Ampullary carcinomas are classified into two subtypes based on the presumed epithelium of origin: intestinal or pancreaticobiliary. The majority of them (85%) are intestinal-type adenocarcinomas and evolve through an adenoma-dysplasia-adenocarcinoma sequence similar to colonic adenocarcinomas . Although histologically distinct, tumor subtype can be confirmed with the use of immunohistochemistry. Intestinal-type ampullary adenocarcinomas are observed to be CK7 negative (73-82%), CK20 positive (80-91%) and 100% CDX2 positive, resembling intestinal epithelium . Conversely, pancreaticobiliary-type tumors are CK7 positive (96%) and CK20 and CDX2 negative, similar to pancreatic ductal epithelium . Histologic subtype is a known prognostic indicator, with intestinal-type ampullary carcinomas associated with better survival and pancreaticobiliary-type carcinomas behaving more aggressively . Both subtypes, however, are associated with better survival rates than pancreatic ductal adenocarcinoma, most likely due to the earlier stage at which ampullary carcinomas are detected . The current case is unusual in that two discrete adenocarcinomas were identified within 1.5 cm of each other within the ampullary channel. The presence of associated periampullary/duodenal and biliary dysplasia suggests that both tumors arose from precursor adenomas, one intestinal-type periampullary, and the other biliary. As these epithelia are both embryologic foregut derivatives and share a common precursor cell, the presence of dysplasia in both sites suggests a potential field effect for carcinogenesis.
Improvements in technique have made the initial endoscopic approach more popular; however, optimal treatment remains controversial. In general, smaller ampullary lesions (<2 cm) can be considered for endoscopic resection. If the lesion is over 2 cm in size, dysplasia is identified, or a tissue diagnosis of cancer is obtained, the patient is referred for surgical treatment. The Kausch-Whipple operation provides a 5-year survival rate of 77% for patients with stage I disease . Local resection (ampullectomy) provides a 75% 3-year survival for R0 resection . A large series of resected ampullary adenocarcinomas showed a significantly decreased median survival once nodal metastasis was identified (79.1 months for node negative, 23.4 months for node positive cancers) . The observed differences in survival based on the number of nodes examined raised the possibility of the therapeutic effect of lymphadenectomy.
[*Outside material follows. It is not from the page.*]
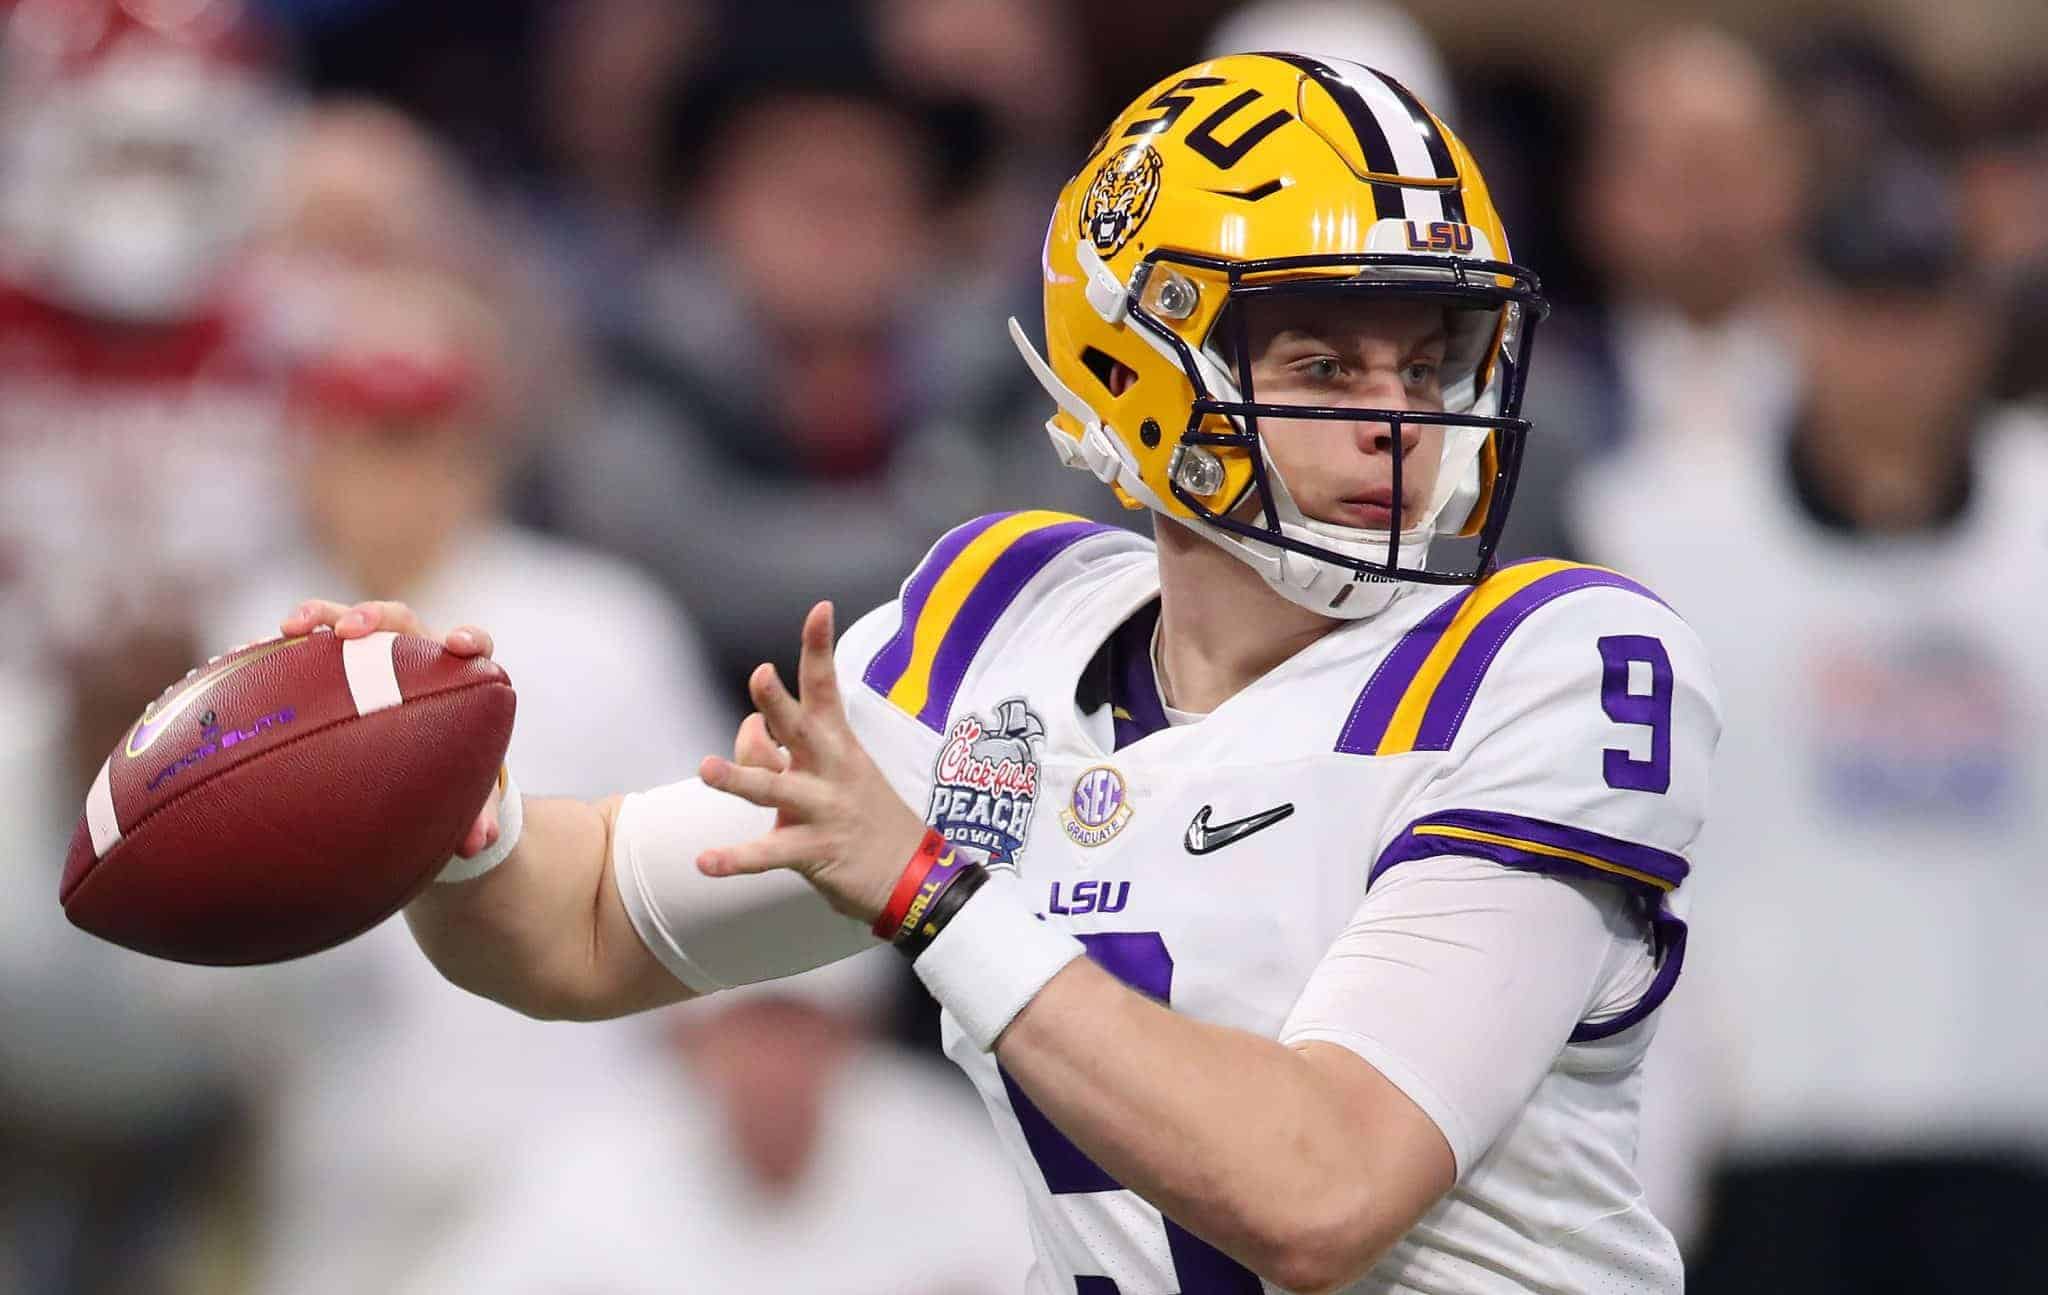 ATLANTA, GEORGIA - DECEMBER 28: Joe Burrow #9 of the LSU Tigers plays against the Oklahoma Sooners during the College Football Playoff Semifinal in the Chick-fil-A Peach Bowl at Mercedes-Benz Stadium on December 28, 2019 in Atlanta, Georgia. NFL Draft

Given these data, the more radical Whipple operation should be strongly considered once an ampullary cancer diagnosis is established in otherwise good surgical candidates.
Our patient presented with a 2.2 cm ampullary mass and a separate distal bile duct stricture. Given his age and lack of a tissue diagnosis at that point, an endoscopic resection was attempted. Pathologic exam found the entire ampullary mass representing cancer with widely positive margins. Examination of the Whipple specimen had a unique finding and identified a separate focus of a second primary cancer originating in the distal common bile duct originally presenting as common bile duct stricture on ERCP images. The Whipple operation treated both malignancies appropriately from an oncologic standpoint.
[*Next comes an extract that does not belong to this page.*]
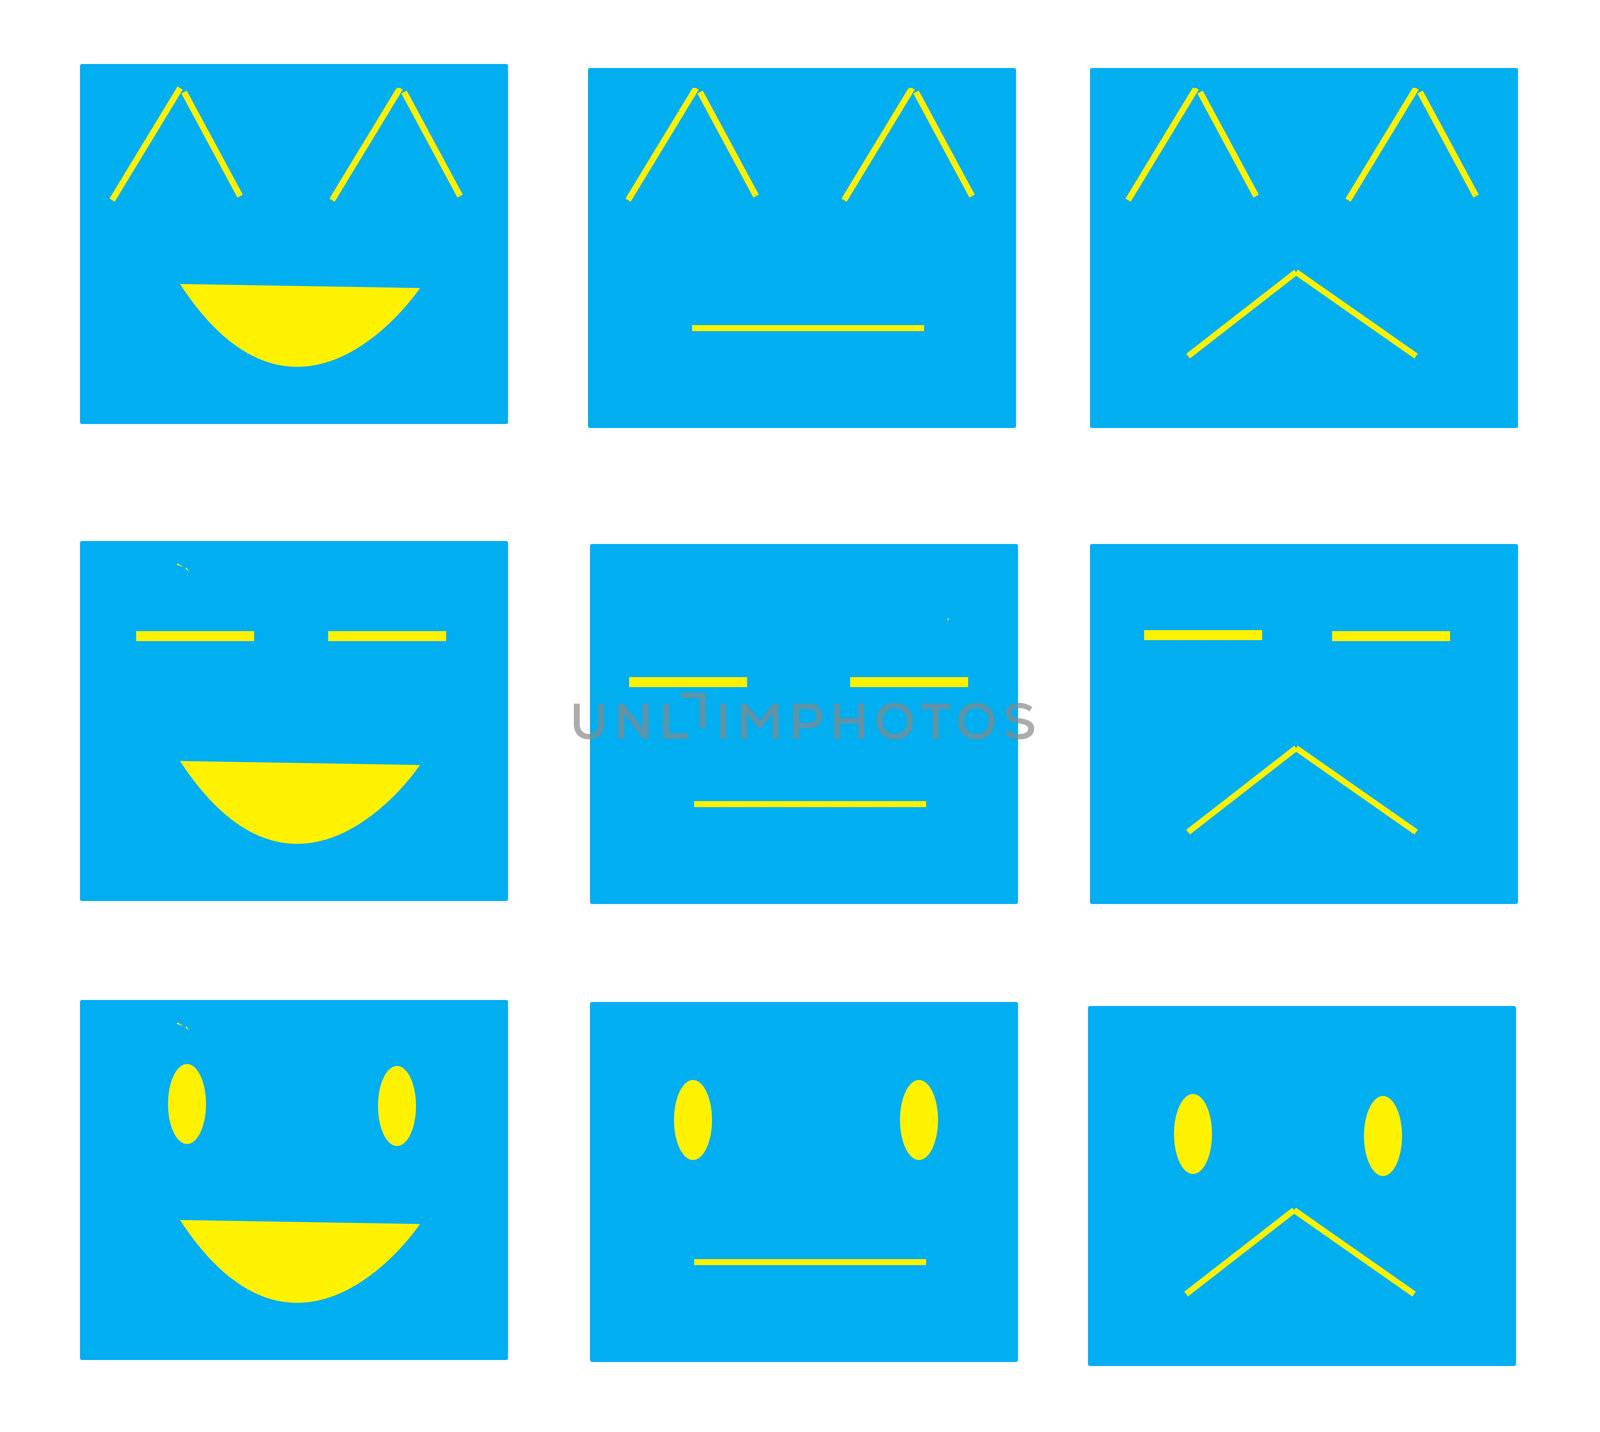 Set of faces with various emotion expressions

The benefits of adjuvant chemotherapy and radiation in resected, early stage periampullary cancers are poorly studied. Most published trials lump various periampullary tumors together and frequently enroll metastatic and locally advanced patients together. While combining cisplatin with gemcitabine appears to be beneficial in locally advanced or metastatic cholangiocarcinomas and ampullary cancers, its use in resected, early stage cancers remains unproven . Another trial failed to show a benefit with adjuvant chemotherapy, with overall survival and progressionfree survival similar between treatment and control groups .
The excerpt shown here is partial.